Q: Is medication provided at the Safe Station?

A: No. There are no clinical providers on site. There is no medication provided during the assessment provided by the fire fighters.

Q: Is there a physical given before recovery starts?

A: There is a medical evaluation completed to rule out an emergency situation which consists of:

  • Vital signs (blood pressure, heart rate, respirations, temperature)
  • Mental status
  • Signs or symptoms of infection
  • Signs or symptoms of drug/alcohol withdrawal
  • Signs or symptoms of psychiatric emergency (suicide or homicide)
  • Known use of alcohol or drugs with 2 hours

Q: If a person is at the hospital can the fire department assist in getting them into recovery?
A: The role of the fire department is to assist those who seek help at Safe Stations. Those who are at the hospital will follow the process set up at the hospital and referral processes that are in place at the hospital.

Q: How long will a person be in the recovery facility?

A: The time a person is at the recovery facility may vary depending on the type of services they are receiving.

Q: Can I go to a Safe Station if I don’t live in Nashua?
A: Yes. Safe Stations are open to anyone seeking help with recovery.

Q: How long will the process take?

A: On average the process from once arriving at a Safe Station to transport is less than 15 minutes.

Q: Is there a fee for getting help at a Safe Station?
A: There is no fee charged to the person seeking help at the Safe Stations.

Q: Will going to a Safe Station place me in Residential Treatment facility?

A: The fire department is working in partnership with the New Hampshire Partnership for Successful Living; Keystone Hall and Harbor Homes. After completing the medical assessment at the Safe Station the person is transported to a safe location to meet with a Licensed Alcohol & Drug Counselor. During this assessment a determination is made for services needed.
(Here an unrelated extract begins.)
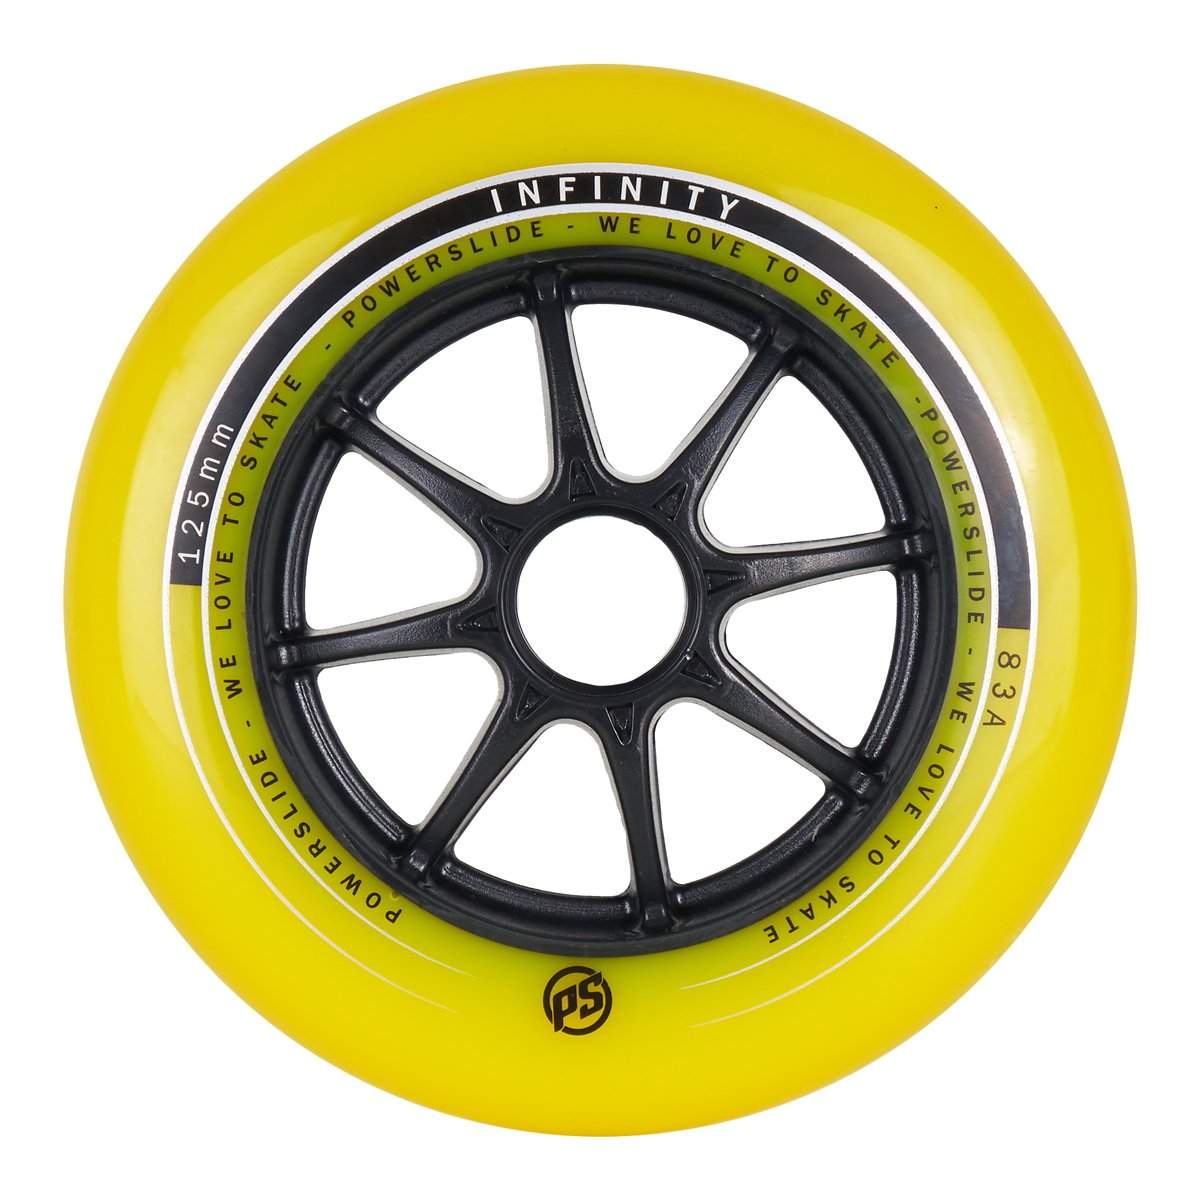 Powerslide Infinity 125mm Wheels - Yellow (Singles)-Powerslide-125mm,atcUpsellCol:upsellwheels,Skate Parts,Wheels,yellow

Nashua Safe Stations Education Forum

On April 27th, an educational forum was held at Harbor Homes on the topic of Safe Stations, and was organized by the Ending Homelessness Fund educational committee. This forum discussed the “big picture” when it comes to Safe Station, including:

* The History of the Safe Stations program, from its start in Manchester to now
* An explanation of the procedure from a Safe Station entry point to recovery
* What it is like to help someone through taking the first step into recovery
* The role of a licensed alcohol and drug counselor (LADC) has with a client
* The shared experience of a staff member of the Maple Arms Emergency Shelter who has helped those in need as they immediately enter into Harbor Homes care
* The shared experience of a staff member of the Peggy and David Gilmour Medical Respite Center once that person has entered into treatment

Speakers during this evening consisted of :

* Dr. David Gilmour, Chair of the Ending Homelessness Fund committee
* Chris Hickey, Manchester Firefighter
* Nashua Mayor Jim Donchess
* Peter Kelleher, President and CEO of the Partnership for Successful Living
* Scott Slattery, Director of Residential Services
* John McAllister, Nashua Firefighter
* Shawn Sheehan, Harbor Homes Emergency Shelter Employee
* Angela Sweeney, RN Harbor Care Clinic Manager
* Jaime Gormley, LICSW, MLADC, Keystone Hall Outpatient Coordinator
* Community Member Testimonials

About Ending Homelessness Fund:
The goal of the Ending Homelessness Fund is to eliminate chronic homelessness in Greater Nashua as quickly as possible. Each calendar year, we must raise necessary funds so that we will be able to continue to provide housing and supportive services for the chronically homeless individuals and families, including our veterans, who have been identified this year.